"""

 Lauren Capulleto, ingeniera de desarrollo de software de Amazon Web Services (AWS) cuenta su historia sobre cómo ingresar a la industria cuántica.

"""
"""

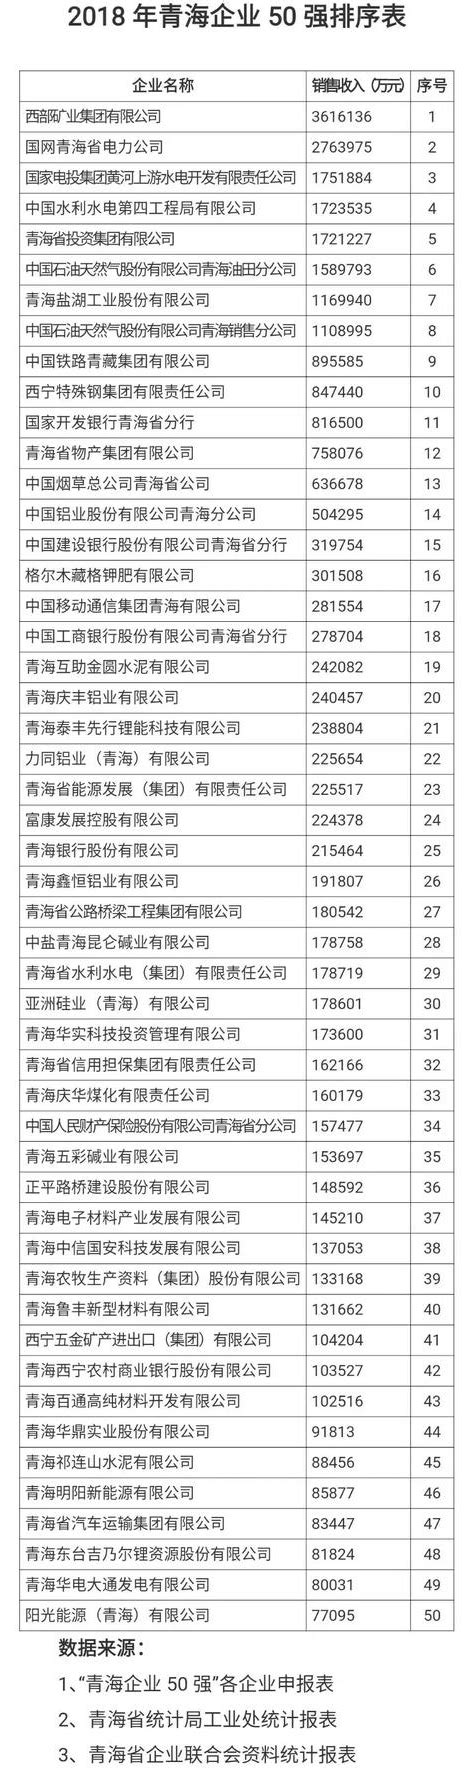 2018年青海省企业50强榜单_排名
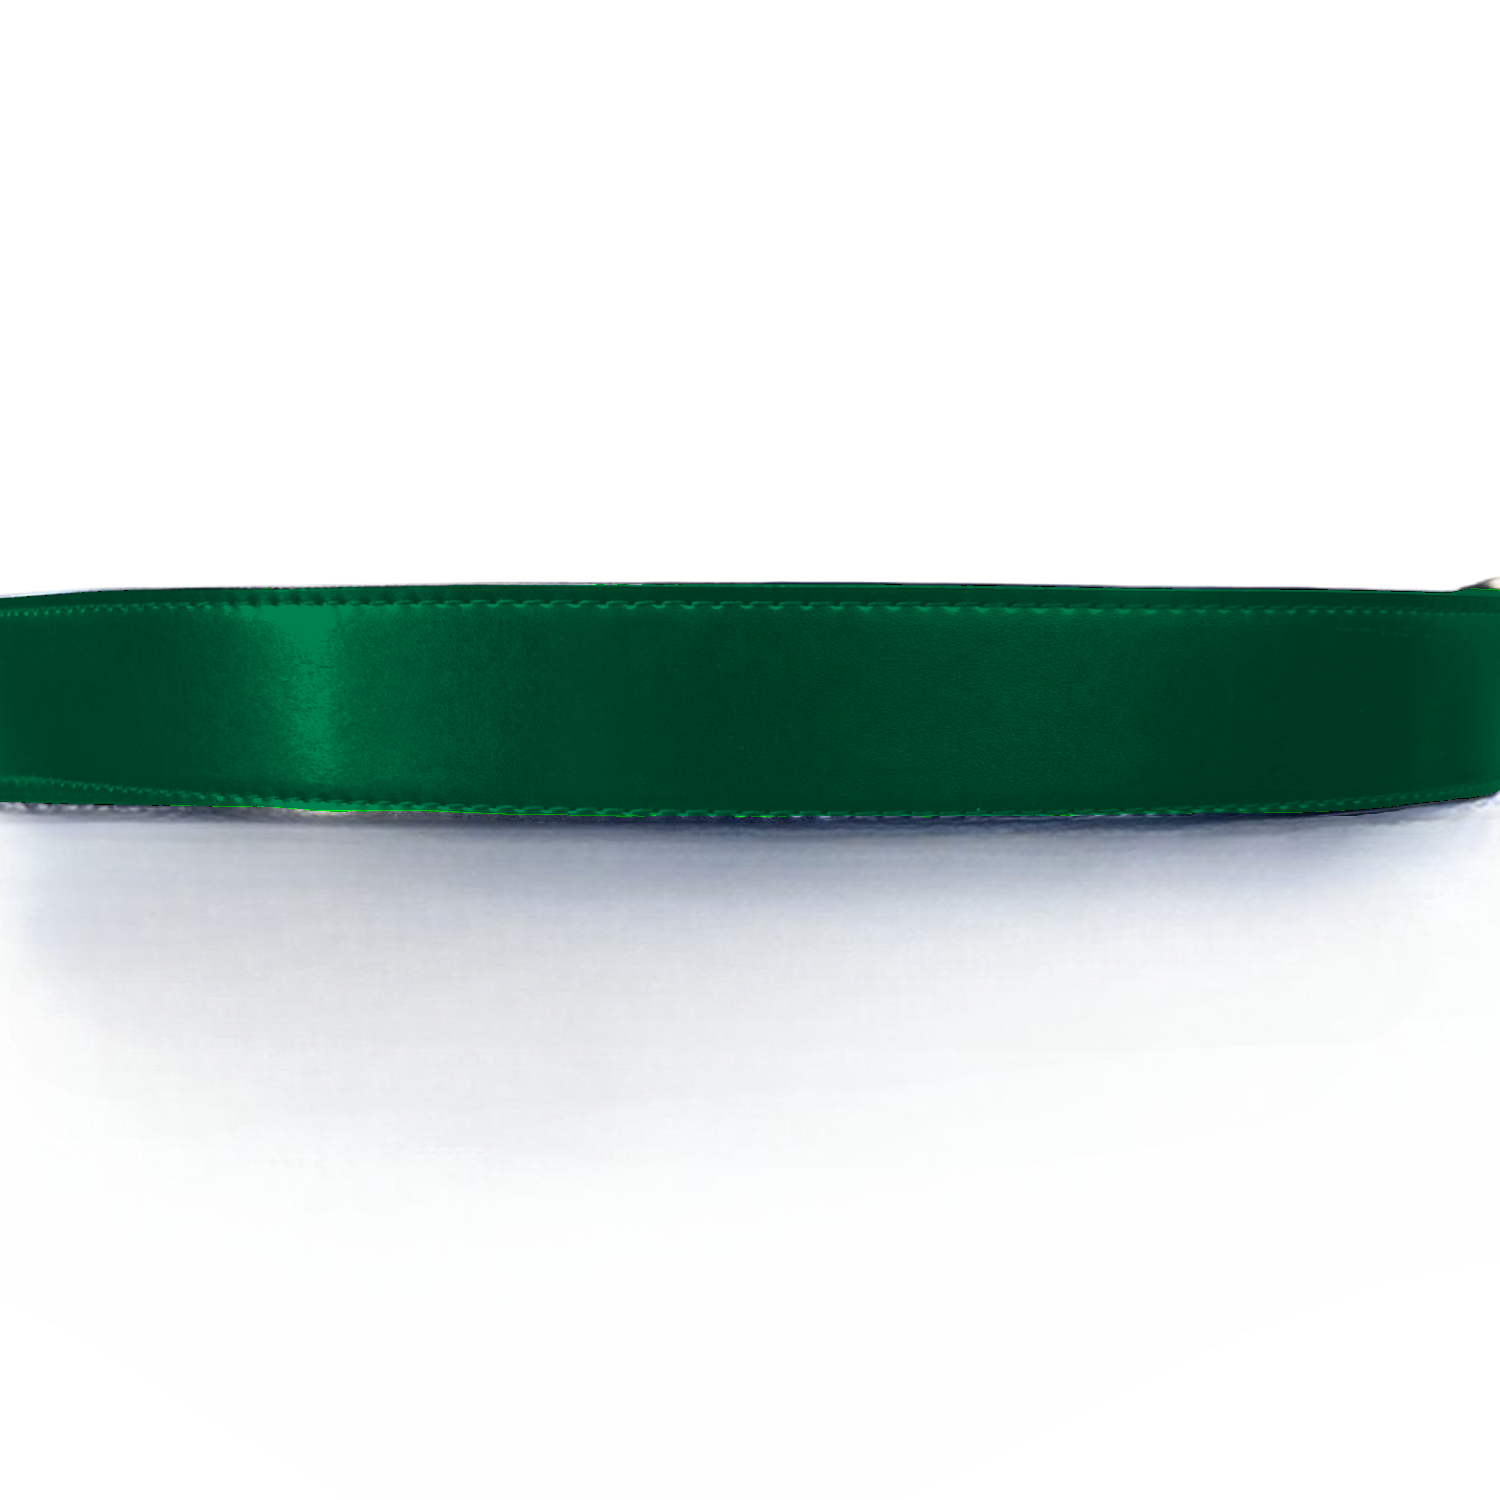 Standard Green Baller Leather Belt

"""
"""

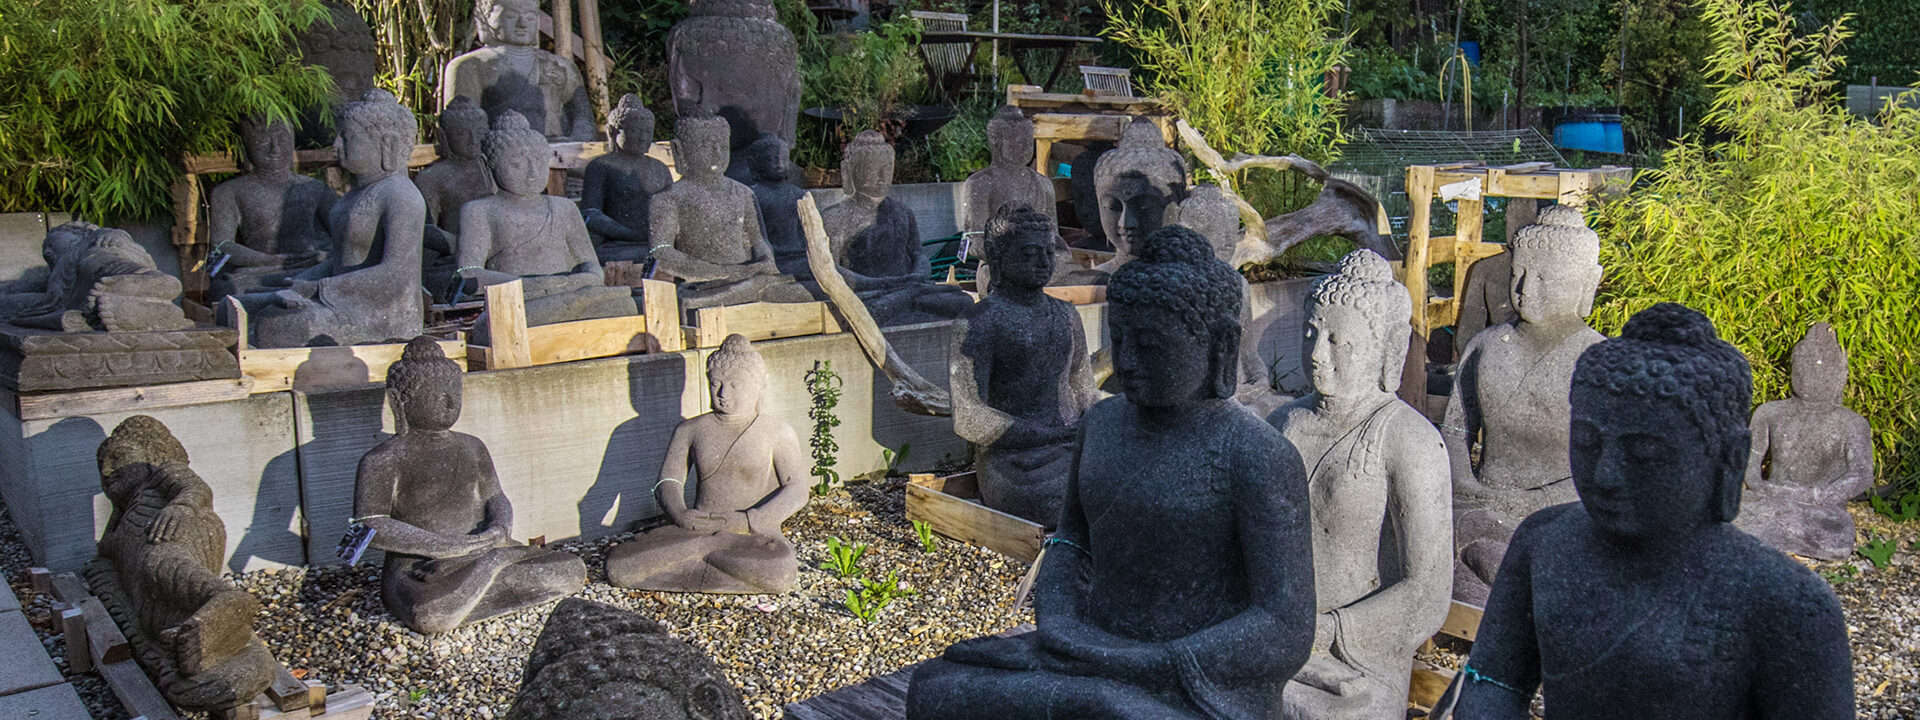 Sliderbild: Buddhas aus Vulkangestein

"""

== Instructions for the task ==
In the material above, which lines fall between the one holding "2018年青海省企业50强榜单_排名" and the one holding "Standard Green Baller Leather Belt", inclusive? Print exactly those, with the pictures left out.

== Output of the exercise ==
 2018年青海省企业50强榜单_排名
 Standard Green Baller Leather Belt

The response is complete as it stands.